15. It has become increasingly obvious that Enzio’s Cataplysts have an eerie resemblance to the Orbs. If Anwar had thought to mention Enzio and those projects to Mefisto (p. 684), what might Mefisto have said? Do you think Enzio has any connection to Recluse now that Mefisto has stopped working with them? With this in mind, do you think Galvadyne’s job offer is authentic (p. 691)? Why or why not?

16. What do you make of Xanther’s surprising game skills? What is the relationship between her seizures and game play (p. 550)? How would you describe her physical, cognitive, and emotional states when she fully immerses herself in play?

17. Stones: a keyword for this volume and one of its primary motifs. What does it mean for Xanther to “flick” or “turn” stones? What is the relationship between stones and game controllers? Between stones and Go? How might we think about Xanther’s stones in relation to Jingjing’s encounter with Madam Tembam (pp. 454–458), or to Shnorhk’s maneki neko and Oz’s stone cat statue (p. 416)? How do they relate to the stones we saw in Volume 2 (TFv2, e.g. pp. 65, 244, 370, 572)?

18. Discuss the books on the shelves in Cas and Bobby’s home (p. 712). What do we learn about them from these titles?

19. In the chapter “Virgil,” we learn that a murderer known as Android (TFv1, p. 168) was found dead, his body ripped apart.
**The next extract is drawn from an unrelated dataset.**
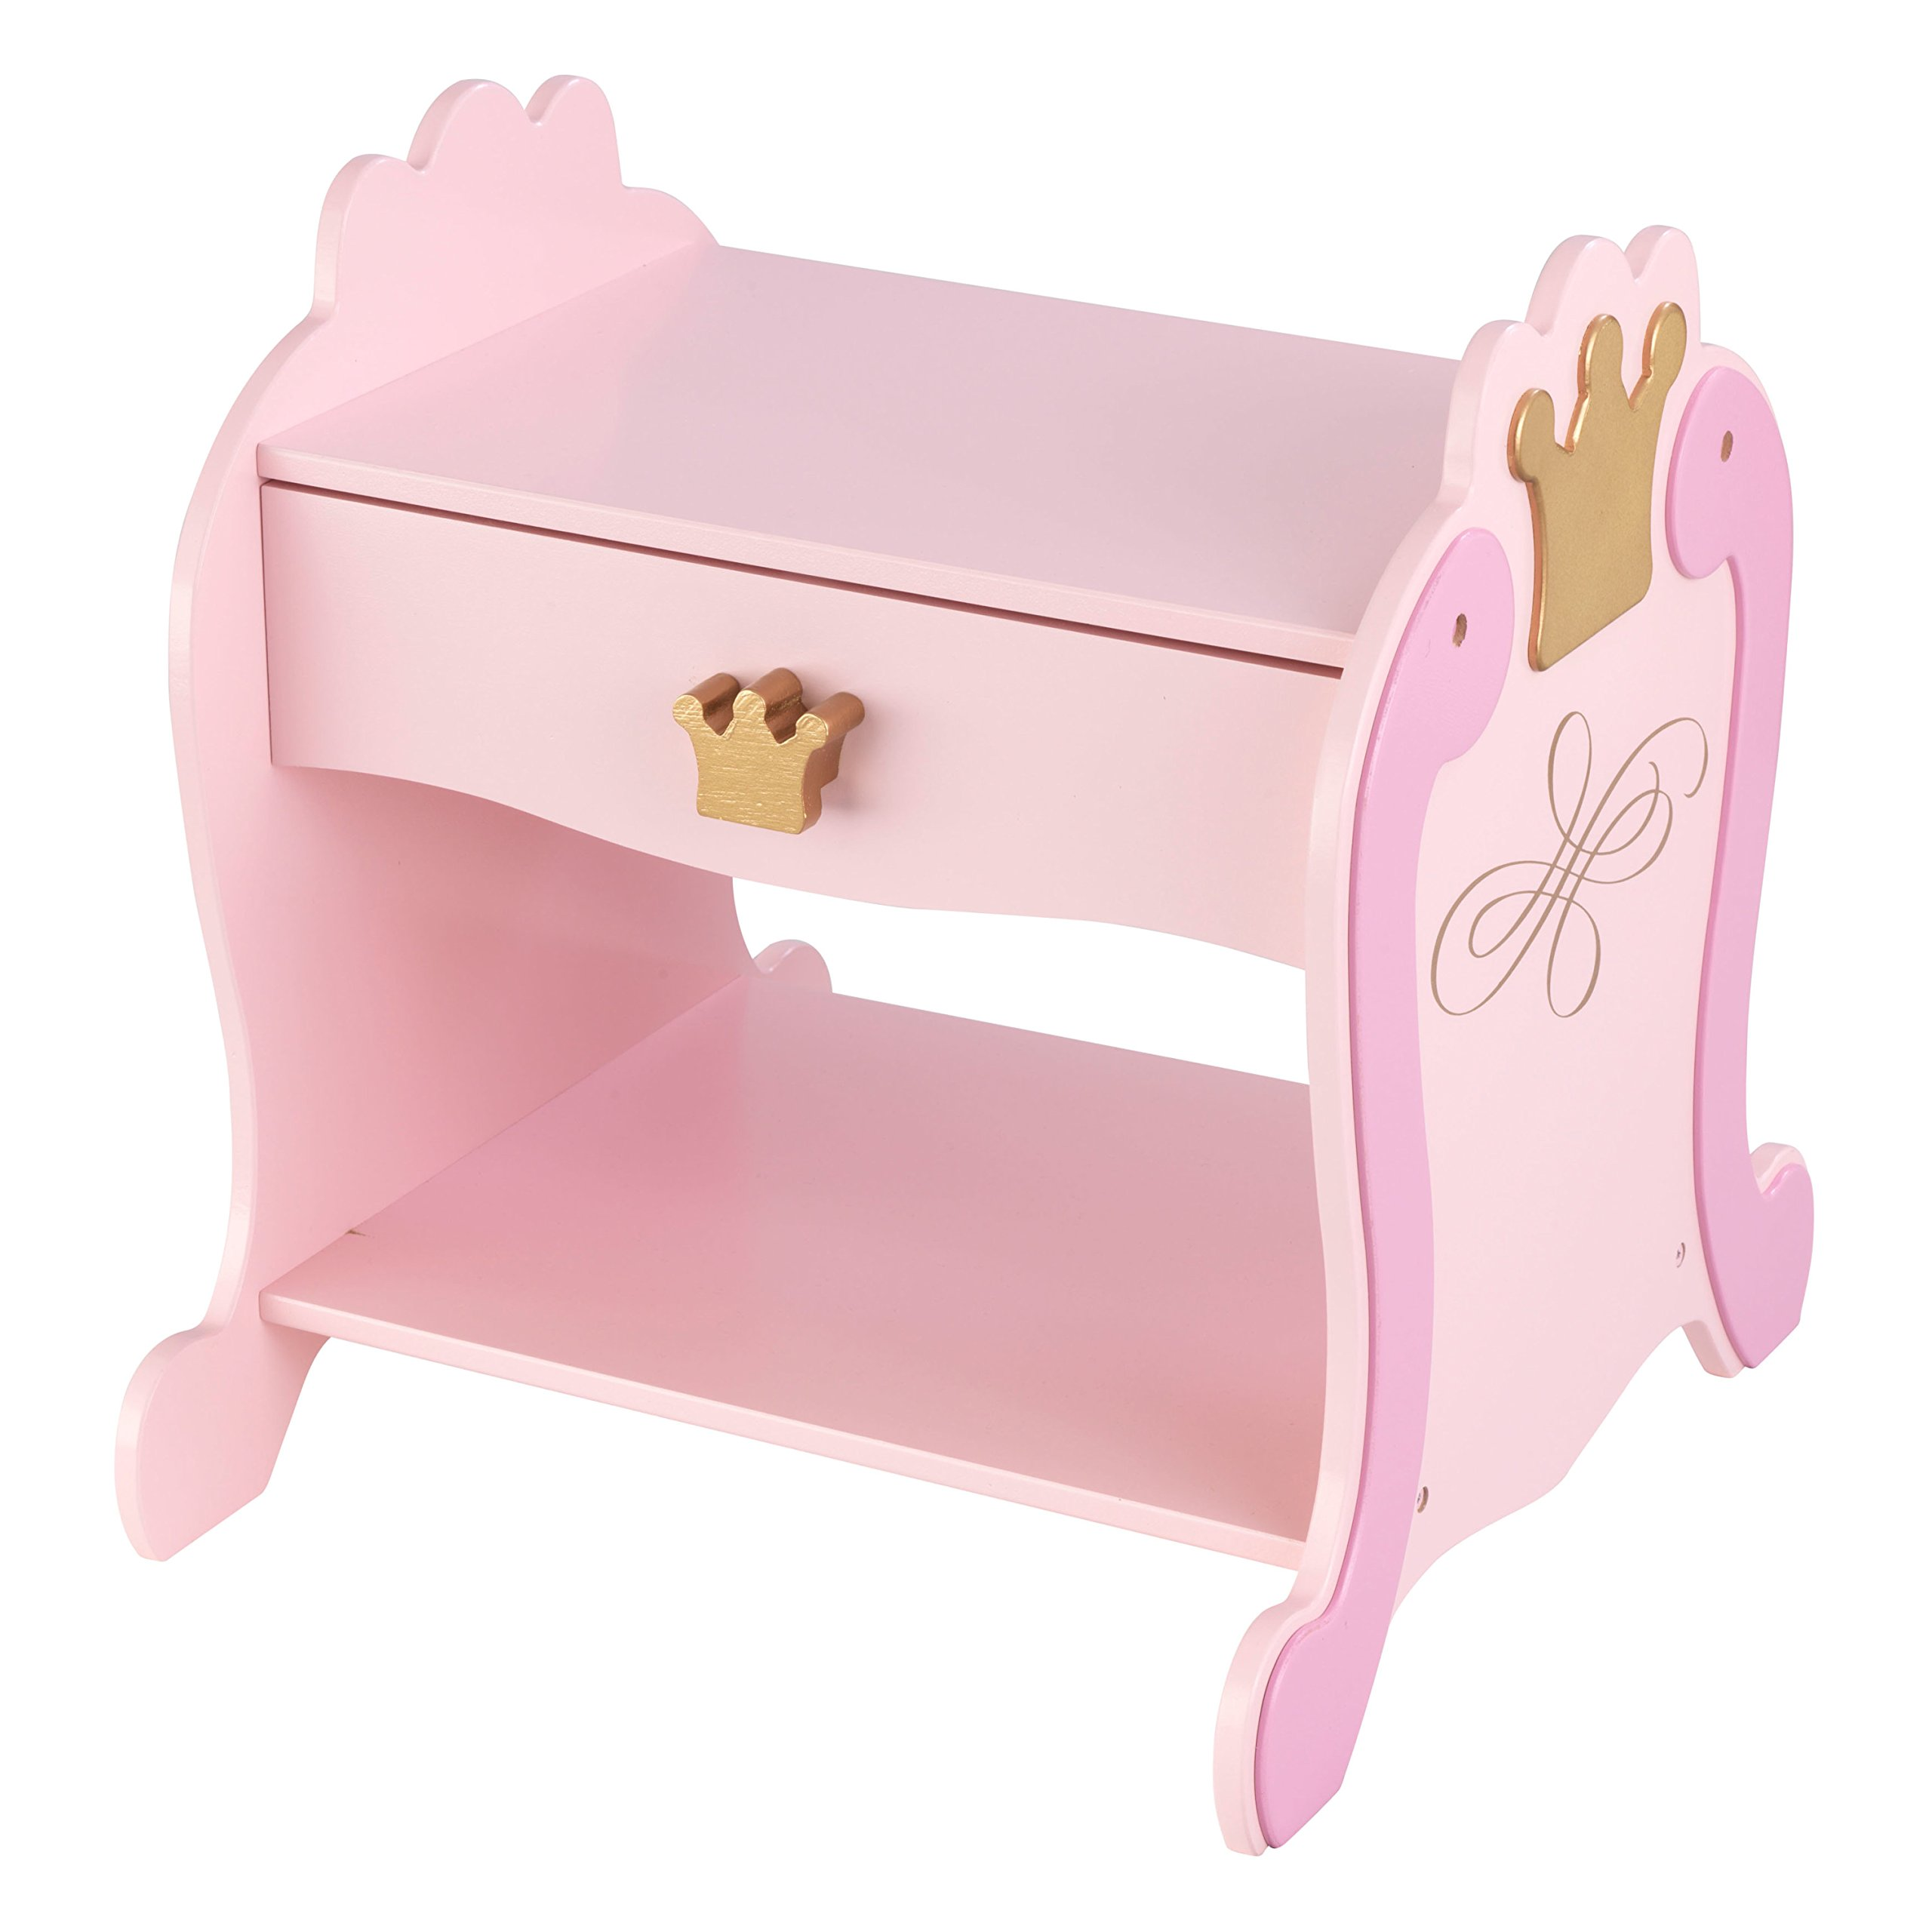 KidKraft Princess Toddler Table by KidKraft (Image #2)

How might this connect to the red swirling shapes we saw when Xanther ran out into the street in Volume 2 (TFv2, pp. 793–809)?

20. Jingjing’s world seems to be more and more consumed by “smoke.” Do you feel that his altered state is now driving and determining his actions, or is it just amplifying his focus when it comes to what he’s “owed” (p. 633)?

21. In “dead-end cats,” Xanther asks what world is made when two creatures’ “bubbles” merge (p. 323). Do you think Xanther and her unnamable cat have merged? What does this mean for Xanther’s world?

22. The word “mirage” is linked to such referents as a car (p. 237), an emotional state (p. 406), and a dream state (p. 484). What is the significance of this word, especially within this volume?

23. The Narcons ultimately make it clear that Luther’s path is a hard one (p. 741). Do you think he could turn his life around, or is he too far gone?

24. How does Xanther’s trip to the private zoo (The Animal Kingdom) resonate with her trip to the kill facility in Volume 2 (TFv2, pp. 334–377)? How do you think Volume 4 will begin after Xanther’s encounter with Satya?

25. Now that you’ve read about Oria, Marvin, and Lexi, respectively, at the end of each volume of The Familiar thus far, what do you think is the common thread that ties these animals together?

About this Author

MARK Z. DANIELEWSKI was born in New York City and now lives in Los Angeles.